J’avais un plan de deux minutes et demi, un travelling qui suivait le long du camp de Birkenau. Il faisait beaucoup d’effet. Le défilement des baraquements, la répétition du même motif sur une durée assez longue finissait par donner la nausée. Il se dégageait de ce plan l’idée de l’ampleur meurtrière. J’ai préféré le couper parce que je ne suis pas sûr que cela serve le film d’une manière aussi forte que la solution que j’ai adoptée.

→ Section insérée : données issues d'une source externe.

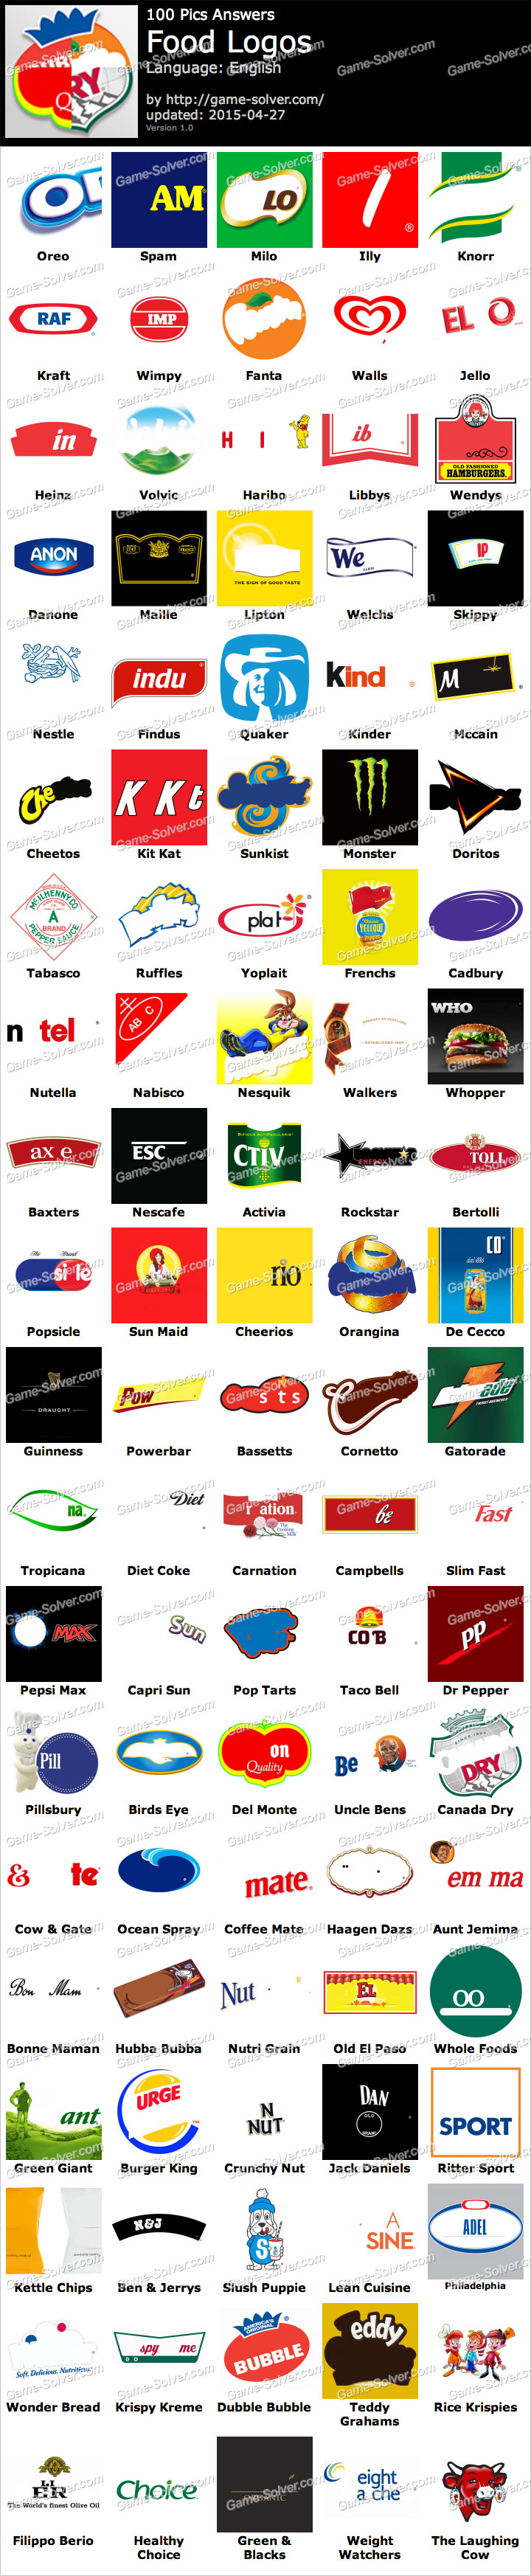 guess the brand answers food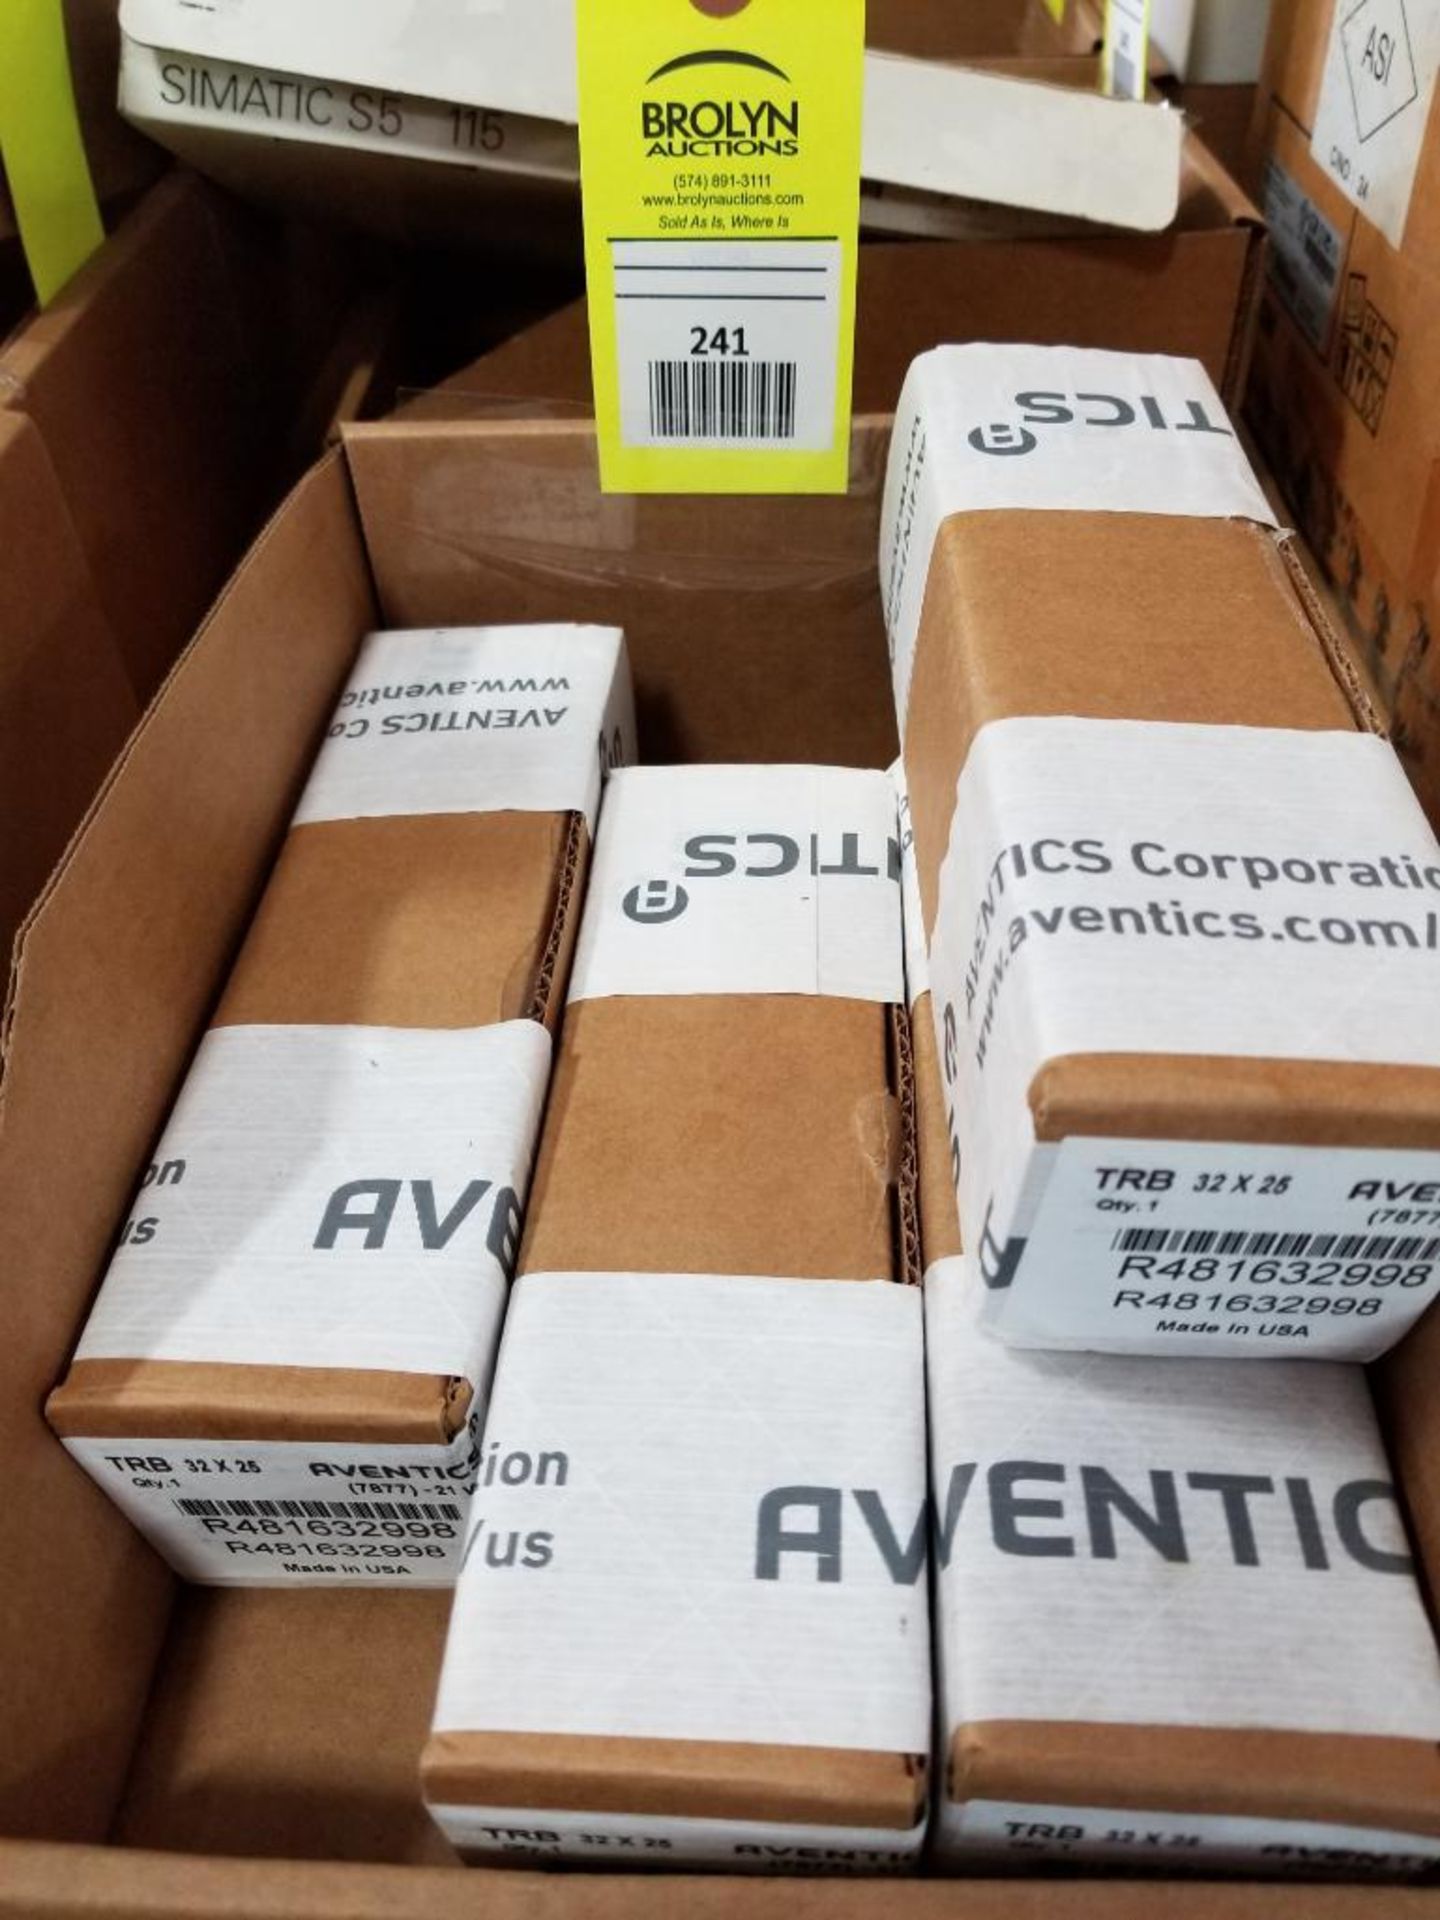 Qty 4 - Aventics. Part number R481632998. New in box.

Le point commun entre les trois histoires c’est aussi l’attachement forcené de chacune de ces femmes à leur mémoire douloureuse. Comme si la souffrance qu’elle ravive en se souvenant comptait peu à côté de la capacité de se souvenir toujours. C’est une souffrance, mais c’est leur souffrance.
Comment vivre, pendant cinquante ans, avec le souvenir de quelqu’un qui a disparu et dont on n’a pas de dépouille, dont on n’a pas pu faire le deuil. Aussi paradoxal et douloureux que cela puisse paraître, j’ai pu constater que beaucoup de gens avaient fait de cette absence, une présence ; de cette douleur, une compagne. Pour Véra, par exemple, l’idée de retrouver son identité, sa famille était son compagnon de route, sa raison d’être. Le fait de la retrouver ne lui apporte rien.
Cette souffrance-présence de vos personnages est aussi dans le manque d’interlocuteurs. Ils ne trouvent personne pour les écouter. Riwka doit supporter la litanie de son mari qui associe crassement oubli et joie de vivre. Le père retrouvé de Régine, interlocuteur possible, s’avère un faux-père. Quant à Véra, sa quête d’identité bute sur l’indifférence de la grande ville en activité. Ainsi, sur la question cruciale de la transmission, le film semble pessimiste.
Oui, je suis assez pessimiste : d’abord, sur la transmission de la culture yiddish dont je prétends qu’elle disparaîtra, en grande part, avec la disparition physique des gens qui ont appréhendé le monde en yiddish ; disparition d’une culture au sens plein du terme, que n’empêchera pas la survivance de la langue apprise dans les écoles, etc. Ensuite, sur la mémoire des camps, je dirais deux choses : en terme d’héritage, de transmission dans le temps, l’information passe par des voies nombreuses et les nouvelles générations ne sont pas ignorantes. En revanche, sur la possibilité de transmettre à l’autre ce qui est sa propre douleur, à l’intérieur d’une cellule familiale ou à l’intérieur d’un couple, je suis assez pessimiste. Chacun, dans la sensation de ce dont il se souvient, est seul, confronté à lui-même.